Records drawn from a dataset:
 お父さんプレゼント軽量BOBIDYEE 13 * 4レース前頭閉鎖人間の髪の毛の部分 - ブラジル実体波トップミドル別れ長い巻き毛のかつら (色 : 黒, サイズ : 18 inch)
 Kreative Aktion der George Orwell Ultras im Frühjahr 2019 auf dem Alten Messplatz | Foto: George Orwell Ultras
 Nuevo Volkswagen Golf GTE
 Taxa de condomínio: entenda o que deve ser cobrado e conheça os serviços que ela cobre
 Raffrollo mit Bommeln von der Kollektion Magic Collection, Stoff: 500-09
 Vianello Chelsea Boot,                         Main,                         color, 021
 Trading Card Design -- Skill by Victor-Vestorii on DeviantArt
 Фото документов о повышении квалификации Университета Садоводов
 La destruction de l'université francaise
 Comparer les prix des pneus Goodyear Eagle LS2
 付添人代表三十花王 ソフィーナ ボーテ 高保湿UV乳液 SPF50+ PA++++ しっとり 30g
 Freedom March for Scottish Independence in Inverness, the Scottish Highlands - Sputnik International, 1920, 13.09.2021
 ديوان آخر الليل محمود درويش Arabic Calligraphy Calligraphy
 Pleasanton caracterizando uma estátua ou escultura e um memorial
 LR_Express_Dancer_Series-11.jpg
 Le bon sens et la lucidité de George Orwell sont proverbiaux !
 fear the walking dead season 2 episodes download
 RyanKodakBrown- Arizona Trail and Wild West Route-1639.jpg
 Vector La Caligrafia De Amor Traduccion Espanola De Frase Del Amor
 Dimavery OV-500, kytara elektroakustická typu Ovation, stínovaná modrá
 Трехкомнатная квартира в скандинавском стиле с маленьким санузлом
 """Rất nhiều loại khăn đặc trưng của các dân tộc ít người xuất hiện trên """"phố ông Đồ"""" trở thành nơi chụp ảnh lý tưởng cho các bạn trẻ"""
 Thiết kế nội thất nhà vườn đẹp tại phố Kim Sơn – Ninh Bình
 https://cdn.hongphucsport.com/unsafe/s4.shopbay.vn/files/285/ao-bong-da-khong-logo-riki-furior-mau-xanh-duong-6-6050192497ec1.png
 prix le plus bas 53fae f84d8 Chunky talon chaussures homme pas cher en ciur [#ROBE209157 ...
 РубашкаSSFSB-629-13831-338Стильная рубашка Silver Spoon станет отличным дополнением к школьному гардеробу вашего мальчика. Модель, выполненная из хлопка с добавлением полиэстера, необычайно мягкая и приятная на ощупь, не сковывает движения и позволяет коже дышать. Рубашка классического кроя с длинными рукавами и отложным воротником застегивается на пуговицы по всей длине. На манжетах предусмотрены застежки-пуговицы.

**Exercise instructions:**
Could you copy every line in the records that holds "Orwell"?

**Expected answer:**
 Kreative Aktion der George Orwell Ultras im Frühjahr 2019 auf dem Alten Messplatz | Foto: George Orwell Ultras
 Le bon sens et la lucidité de George Orwell sont proverbiaux !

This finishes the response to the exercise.